By following the naming conventions and leveraging the interfaces defined in this REP, both tools and libraries can be designed to be reusable between different frameworks and experiments. Importantly, the REP does not mandate specific tools or algorithms to perform human perception/social signal recognition per se. It only specify naming conventions and interfaces between these nodes.
These interfaces are designed to be relevant for a broad range of HRI situations, from crowd simulation, to kineastetic teaching, to social interaction.
Rationale
ROS is widely used in the context of human-robot interactions (HRI). However, to date, not a single effort has been successful at coming up with broadly accepted interfaces and pipelines for that domain, as found in other parts of the ROS ecosystem (for manipulation or 2D navigation for instance). As a result, many different implementations of common tasks (skeleton tracking, face recognition, speech processing, etc) cohabit, and while they achieve similar goals, they are not generally compatible, hampering the code reusability, experiment replicability, and general sharing of knowledge.

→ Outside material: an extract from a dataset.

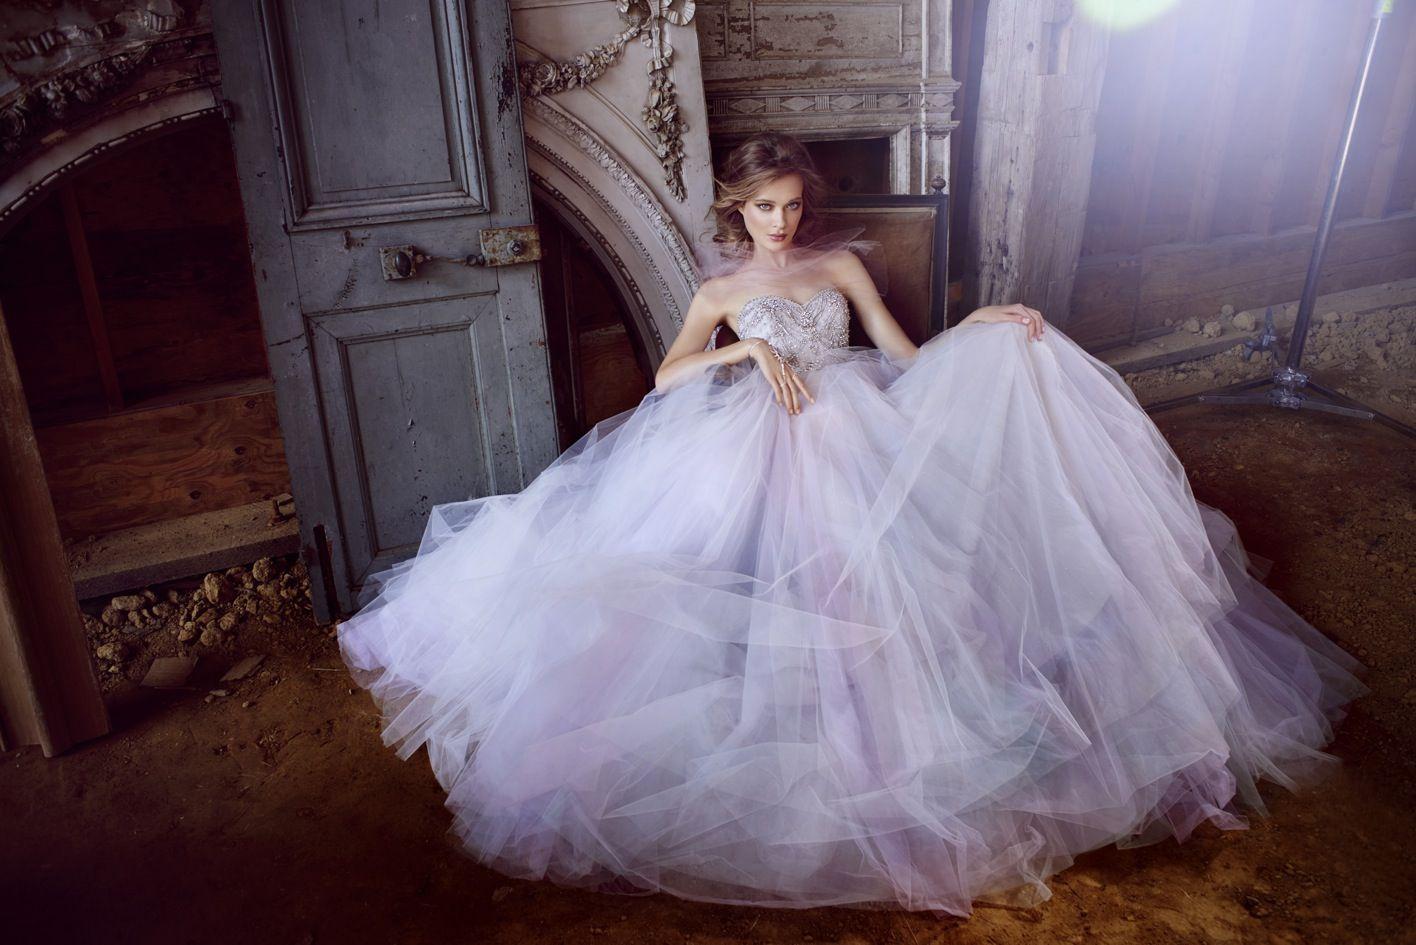 Lazaro 2015 Bridal Collection - Designer Wedding Dress - Sweetheart Neckline Ball Gown With Gemstones Details. Available at Designer Bridal Room, Hong Kong.
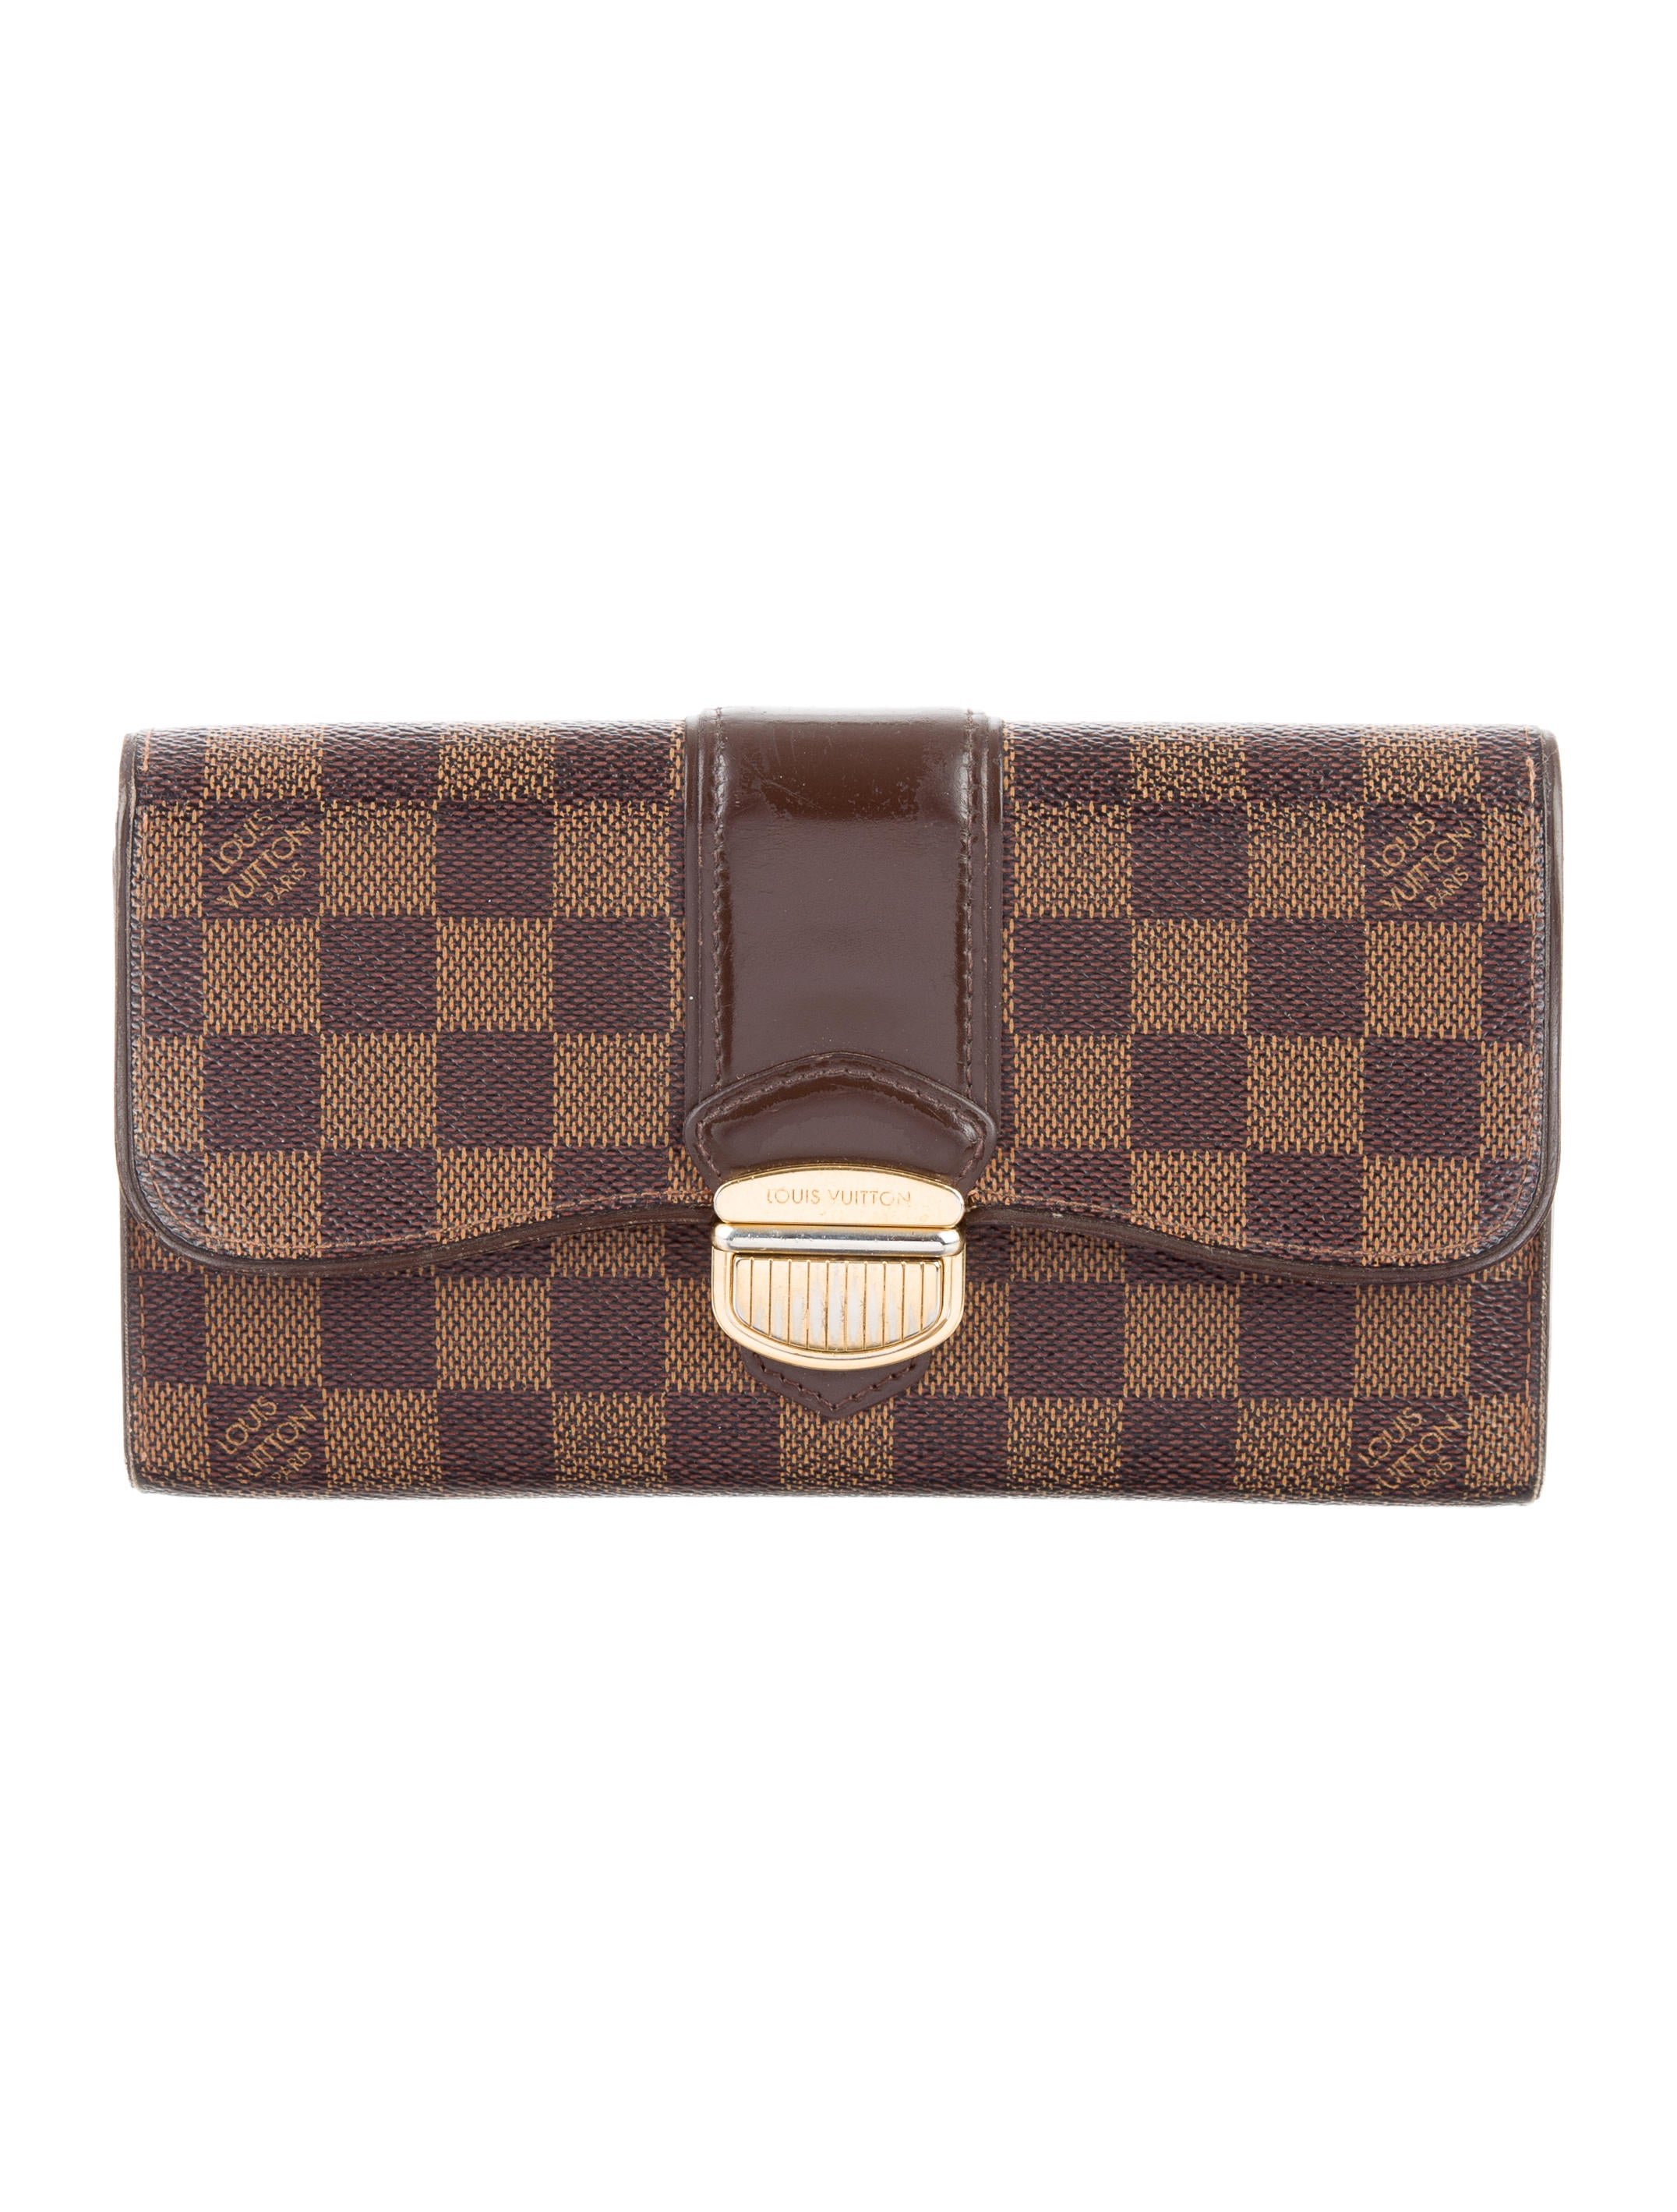 7d7e359471cfb Louis Vuitton Damier Ebene Sistina Wallet - Accessories - LOU114640 ...

In order to address this issue, this REP aims at structuring the whole “ROS for HRI” space by creating an adequate set of ROS messages and services to describe the software interactions relevant to the HRI domain, as well as a set of convention (eg topics structure, tf frames) to expose human-related information.
The REP aims at modeling these interfaces based on existing, state-of-the-art algorithms relevant to HRI, while considering the broad range of application scenario in HRI.
It is hoped that such an effort will allow easier collaboration between projects and allow a reduction in duplicate efforts to implement the same functionality.
Items covered by the proposed REP
- human modeling, as a combination of a permanent identity (person) and transient parts that are intermittently detected (eg face, skeleton, voice);
- topic naming conventions under the
/humans/
topic namespace; - 3D tf frame conventions (naming, orientation – compatible with REP120 where possible)
- representation of group interactions (groups, mutual gaze)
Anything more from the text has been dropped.